I would have also been opposed to the Schrödinger name on the grounds that it's too clever and requires thinking around three corners or knowing what the crate does already. I'd rather use something straightforward like serde_maybe::MaybeStr, however serde-maybe is already taken unfortunately.

skius commented 1 year ago

Has removing the layer of abstraction and using the raw bytes underneath directly already been discussed? AIUI, we use UnvalidatedX in cases where we just need something comparable to use as a key in a map, or where the validation cost only needs to be paid conditionally - map.get("my_key".to_raw()) instead of .to_unvalidated() seems fine for the former, and the latter could follow Rust APIs like https://doc.rust-lang.org/stable/std/str/fn.from_utf8.html# ?

robertbastian commented 1 year ago

Previous discussion and background why we want the extra layer: https://github.com/unicode-org/icu4x/issues/2489

sffc commented 1 year ago

Two main reasons for the abstraction:

We can use serialize_bytes
We can serialize as a string for readability in JSON

sffc commented 1 year ago

The current semantics of UnvalidatedStr are:

Serialization: bytes in binary, string or error in human-readable
Deserialization: bytes in binary, string in human-readable

This is somewhat handy because it means we can rely on an UnvalidatedStr to be the key of a map (or else hit a serializer error). But, another useful semantic for data that is expected to be either string or bytes would be to serialize as a byte sequence in human-readable if the bytes are not ASCII.

sffc commented 1 year ago

A name I've been using on my branch is BytesOrStr (could also be StrOrBytes). In that pattern, just prepend "BytesOr" or append "OrBytes" to the validated type name.

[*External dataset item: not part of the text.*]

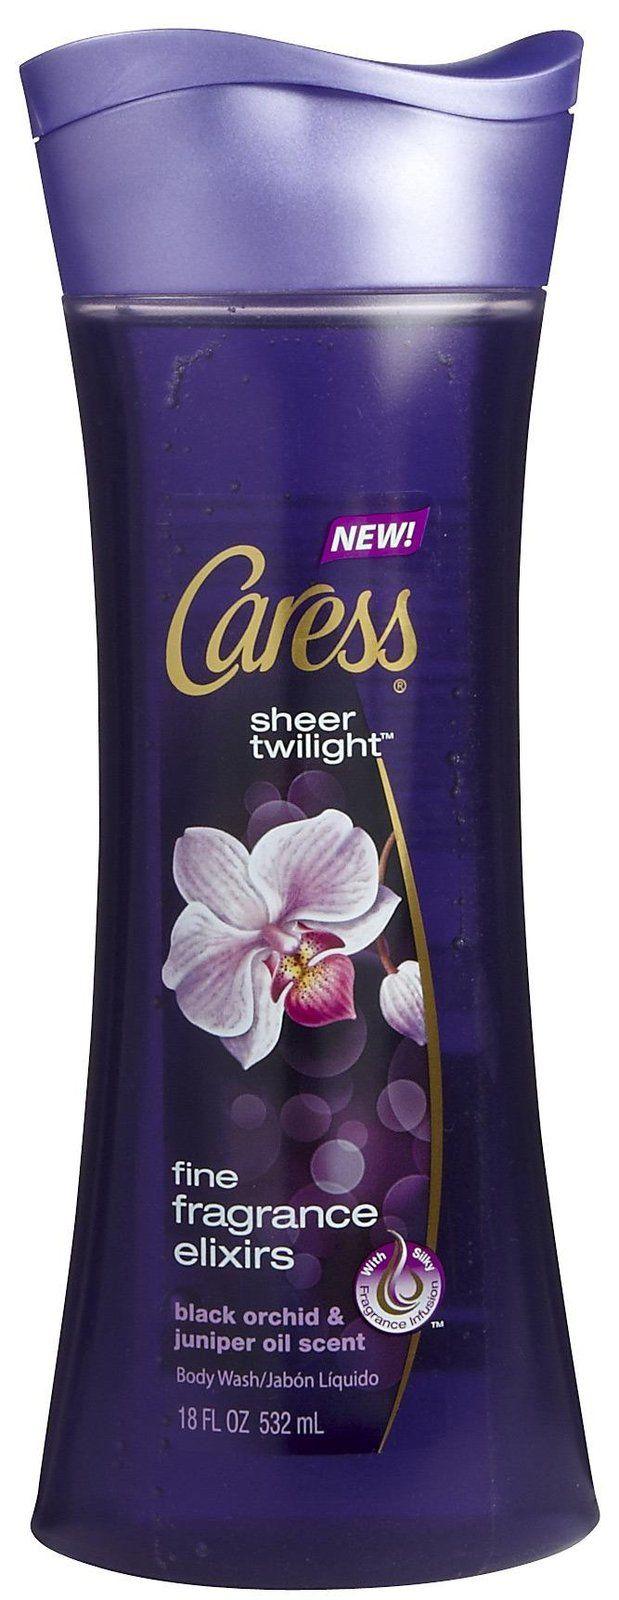 Caress Body Wash, Sheer Twilight Best Price Caress

robertbastian commented 1 year ago

BytesOrStr sounds like it's an enum and that having bytes is actually fine, when in fact it's an error/gigo case.

skius commented 1 year ago

I agree with @robertbastian that the "Or" is too inclusive here. But that does make me think, StrAsBytes/BytesStr?

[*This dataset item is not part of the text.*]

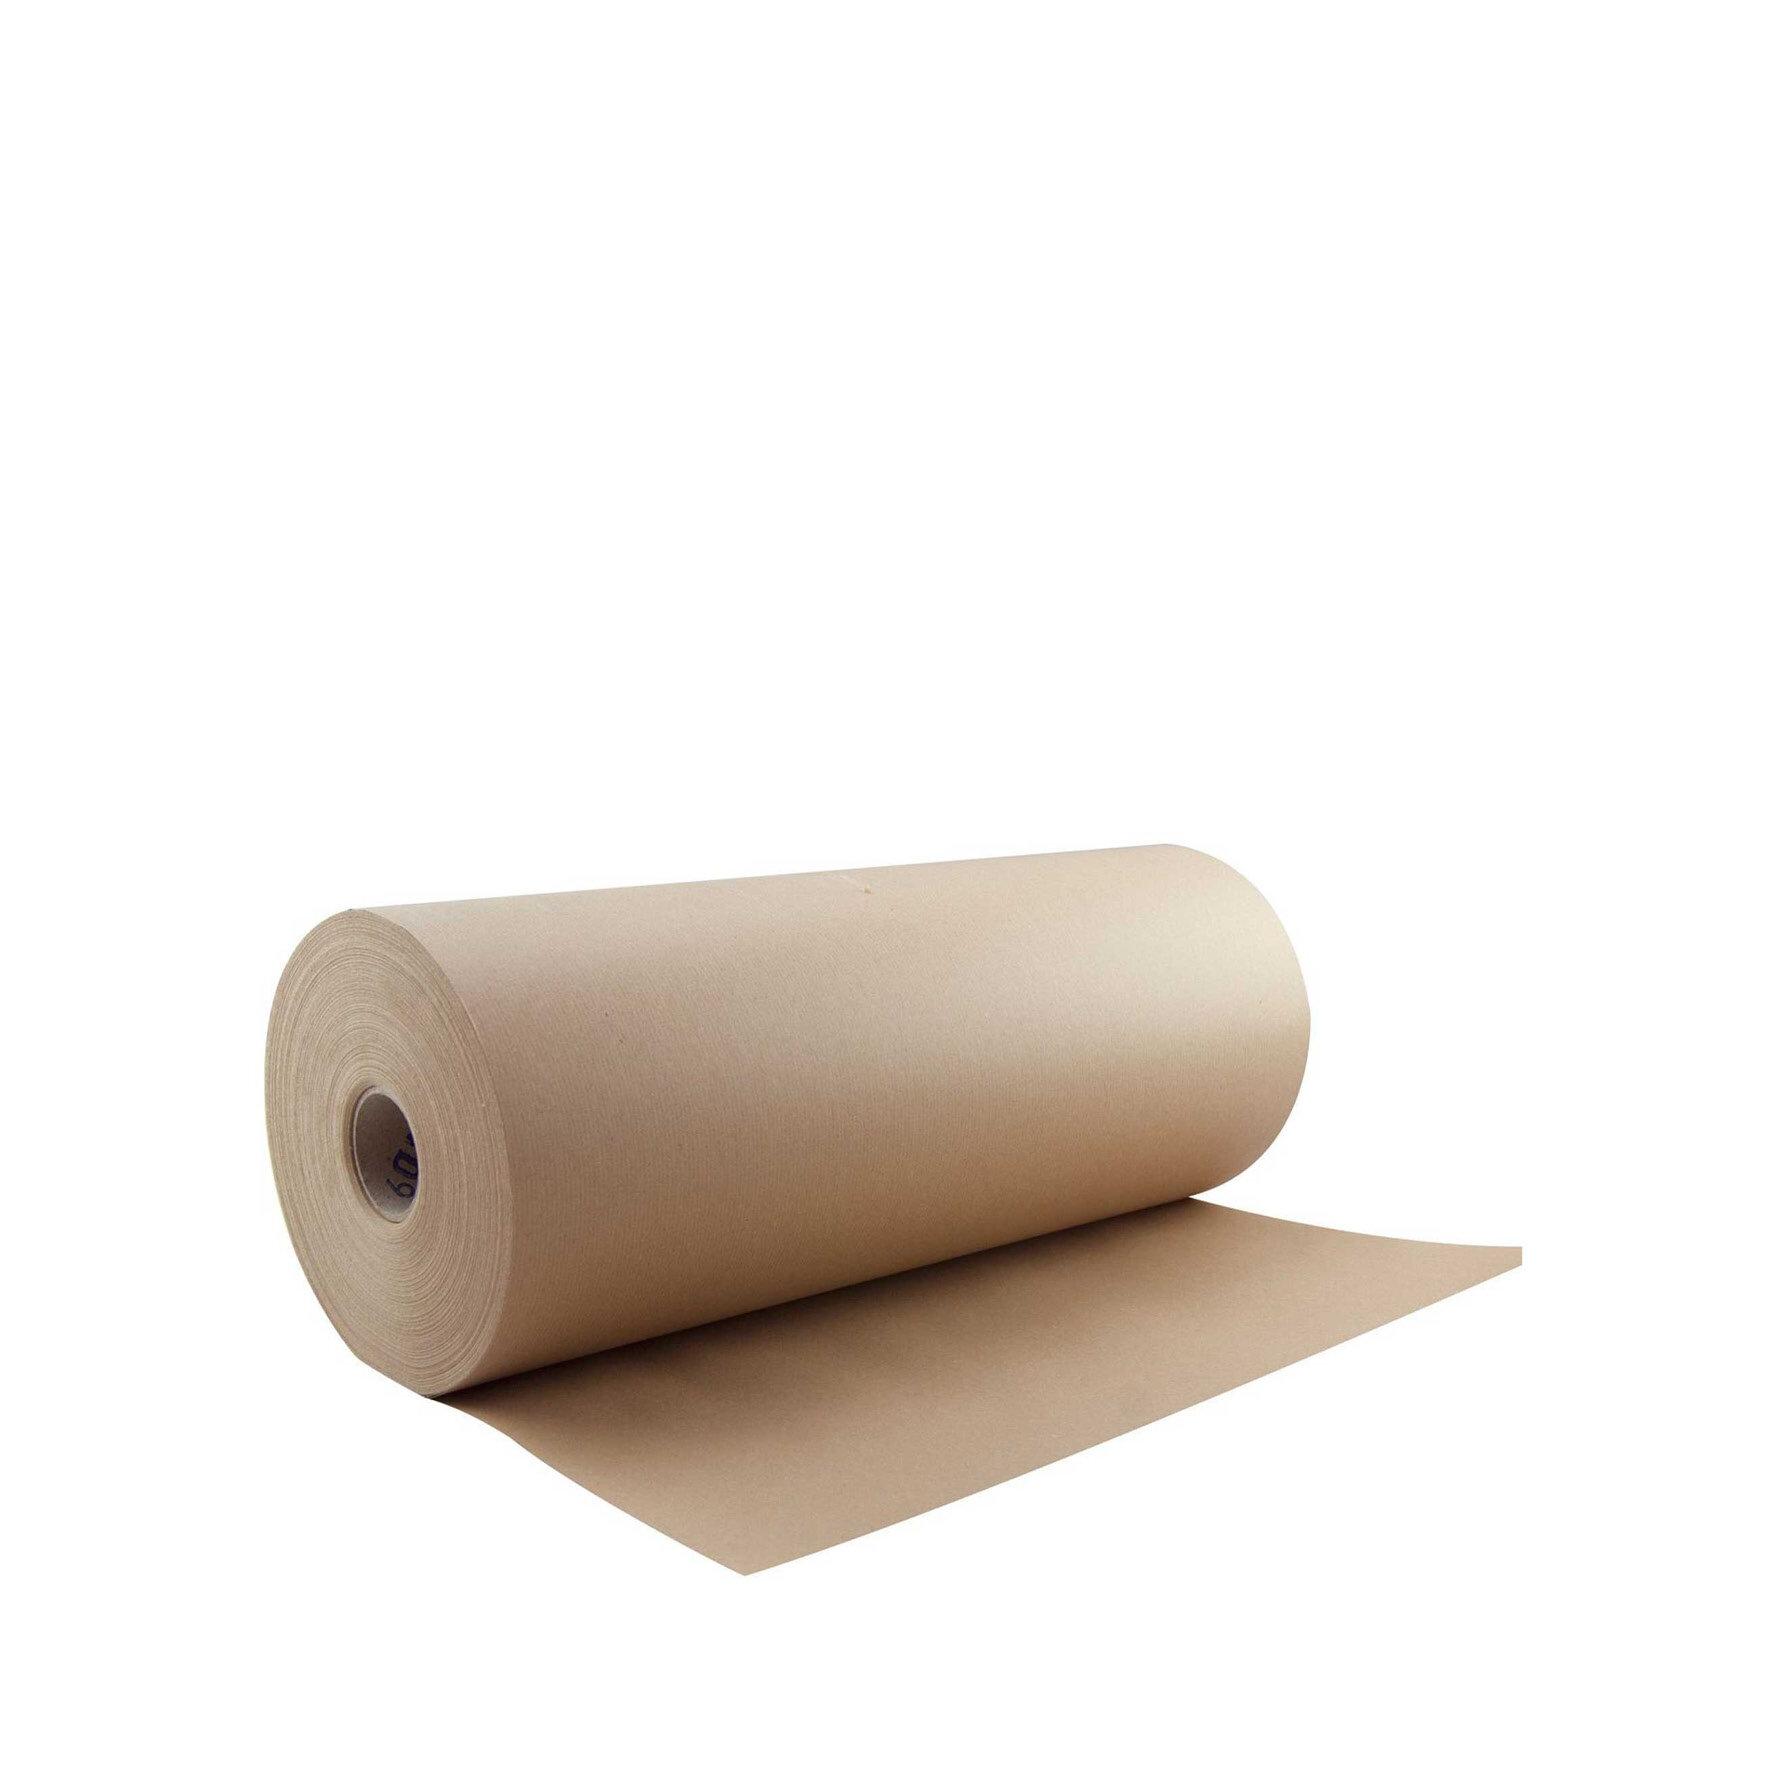 WEBAwrap  Secare Rolle    Papier, geeignet für trockene Lebensmittel, kompostierbar

Otherwise maybe some non-negated antonyms of "trusted": QuestionableStr, ShadyStr?

robertbastian commented 1 year ago

Haha I love ShadyStr. SketchyStr could be another option.

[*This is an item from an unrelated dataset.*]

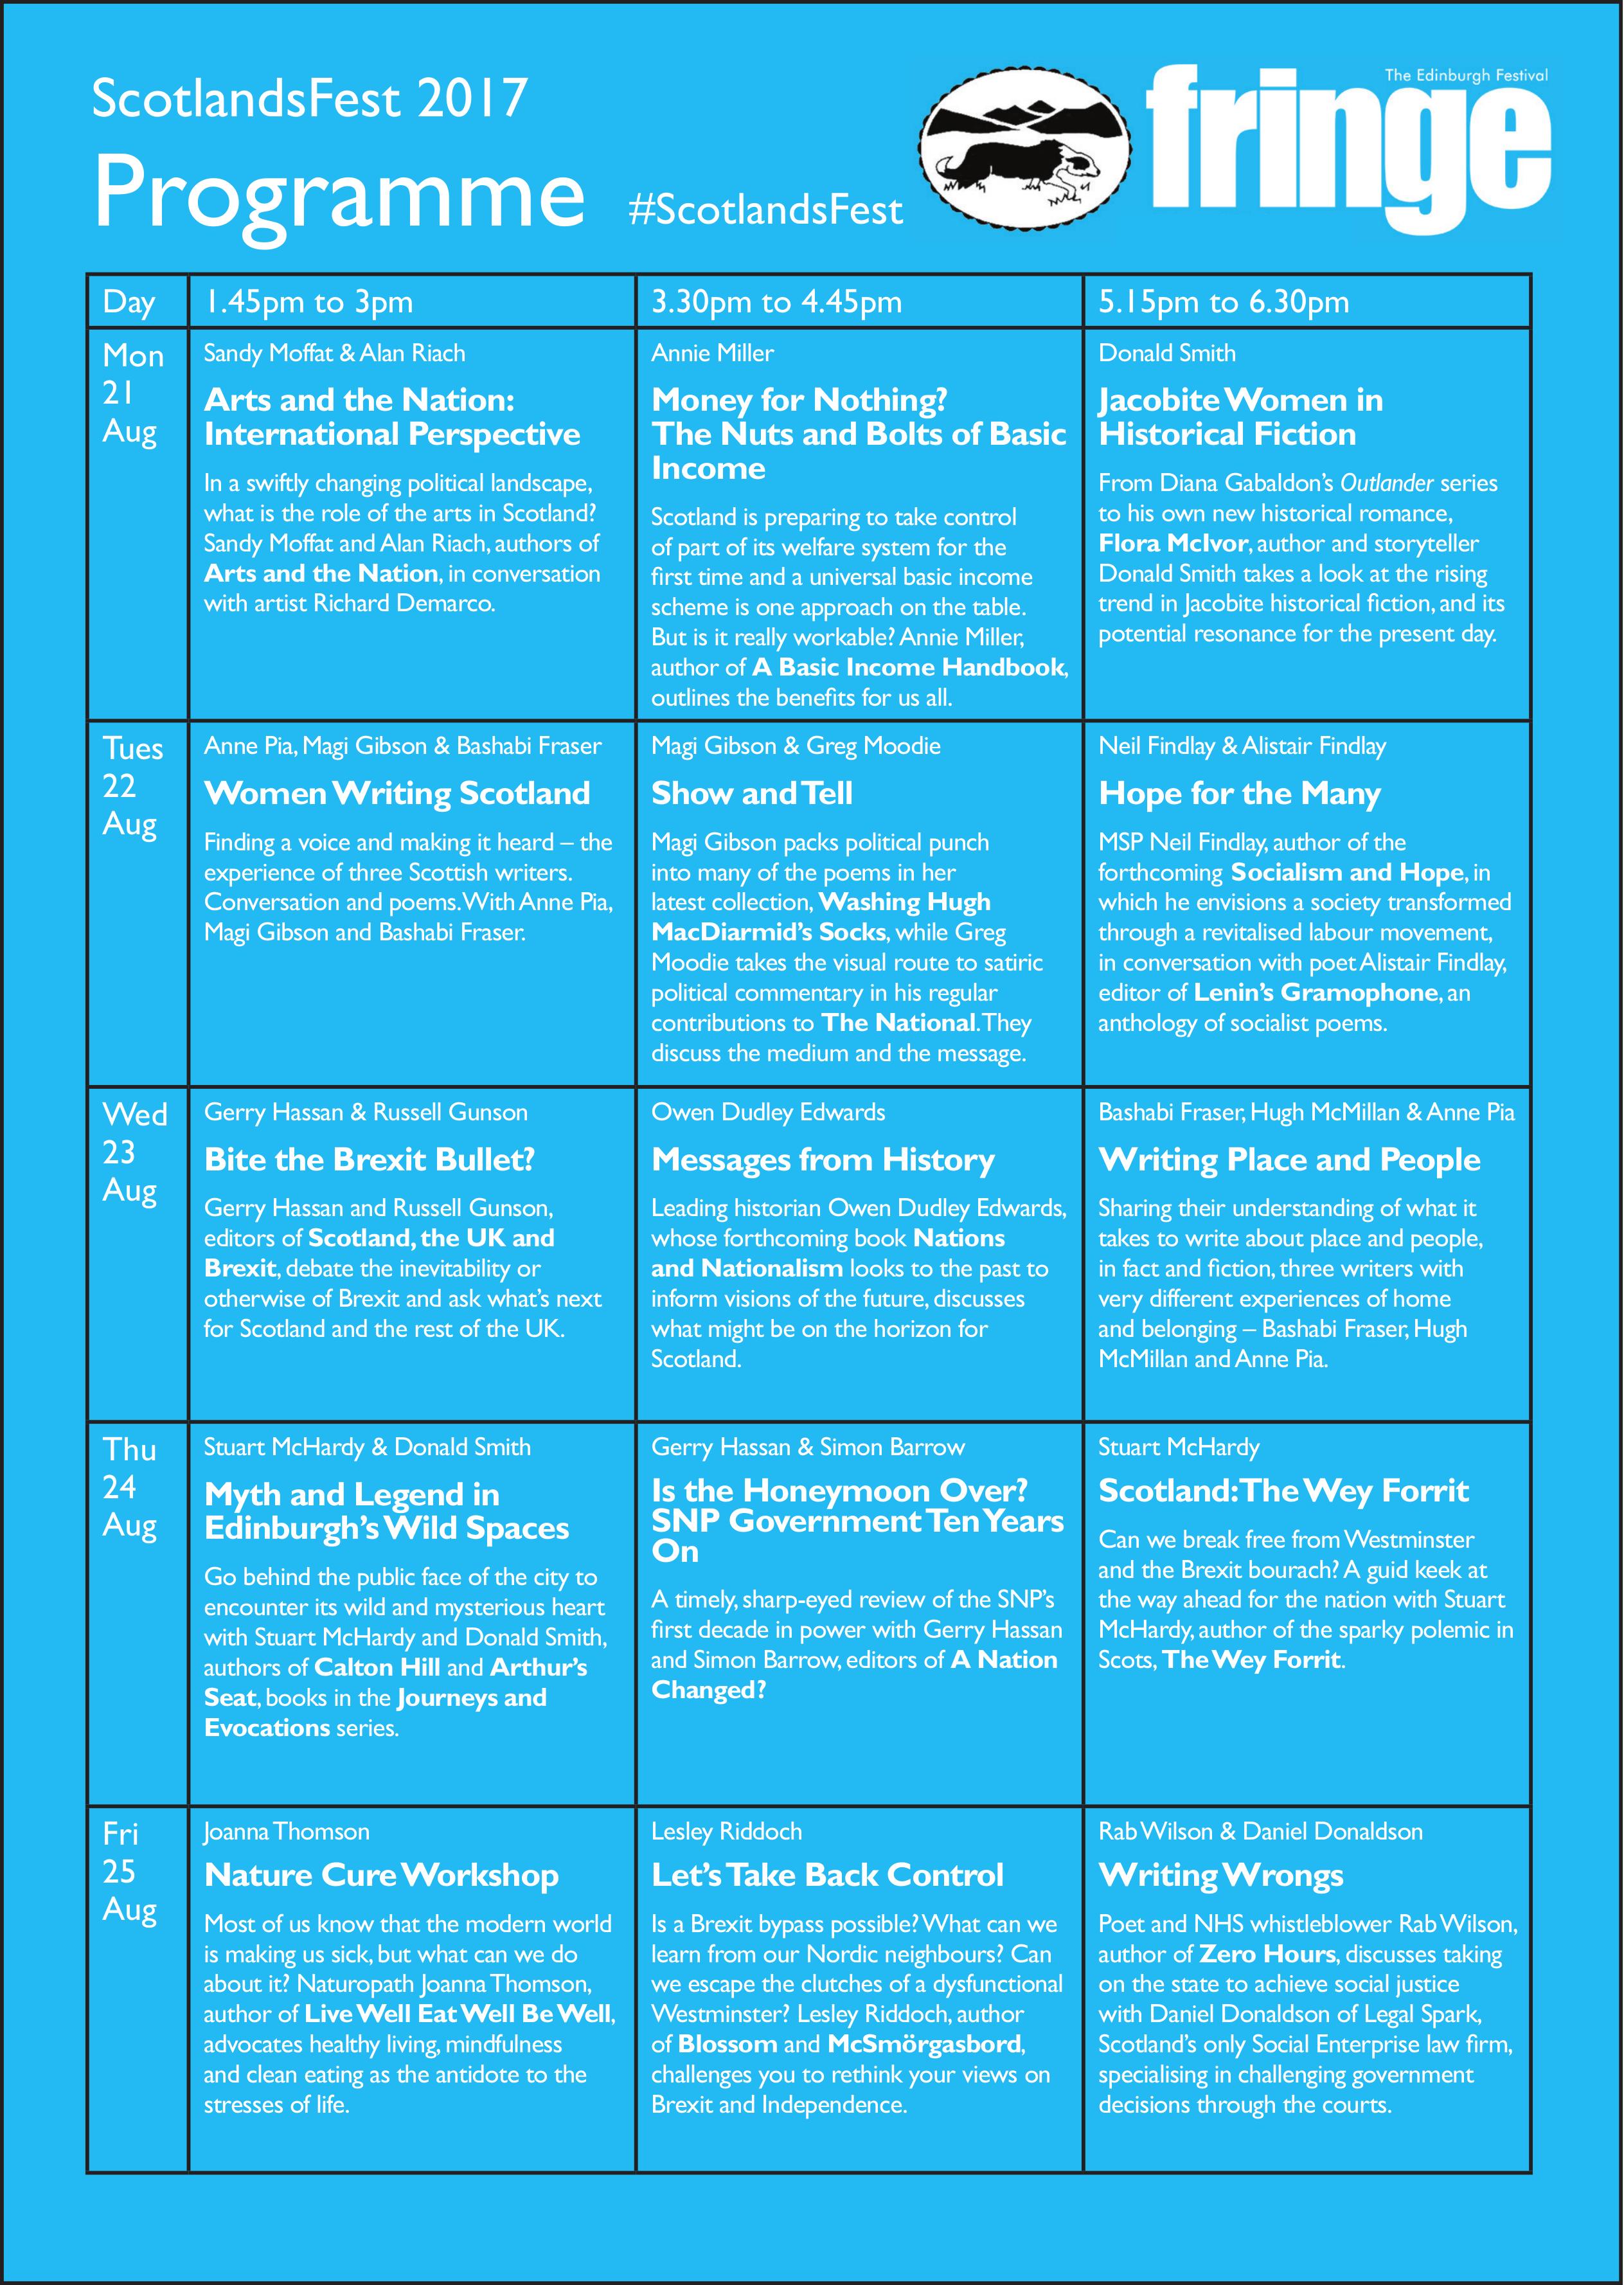 ScotlandsFest 2017 Programme

skius commented 1 year ago

My problem with these alternatives is that (imo) they either require more thinking than UnvalidatedStr, e.g., SketchyStr, or they are somewhat ambiguous, e.g., MaybeStr - to me this sounds like the case where the value is not a Str is supported, like the Haskell Maybe (Rust's Option), or is there some precedent for using Maybe to mean Unvalidated?

Manishearth commented 1 year ago

I kinda like the Unvalidated prefix and don't feel bad about the negation. Could be DeferredStr instead (serdefer makes for a cute crate name in that case). Or LaterStr if you want to use a simpler word.

I do like the zerovec crate being nice and clean, but I do admit that I'm also not too happy about proliferating more util crates. No strong opinion there.

skius commented 1 year ago

I agree with @Manishearth about the naming, UnvalidatedStr perfectly describes what the type is. If we have to avoid the negation, I like LaterStr the most out of all alternatives discussed in this thread.

sffc commented 1 year ago

BytesOrStr sounds like it's an enum and that having bytes is actually fine, when in fact it's an error/gigo case.

This was a progression from my suggestion that it may be useful to rethink the semantics:

The current semantics of UnvalidatedStr are:

Serialization: bytes in binary, string or error in human-readable

Deserialization: bytes in binary, string in human-readable

This is somewhat handy because it means we can rely on an UnvalidatedStr to be the key of a map (or else hit a serializer error). But, another useful semantic for data that is expected to be either string or bytes would be to serialize as a byte sequence in human-readable if the bytes are not ASCII.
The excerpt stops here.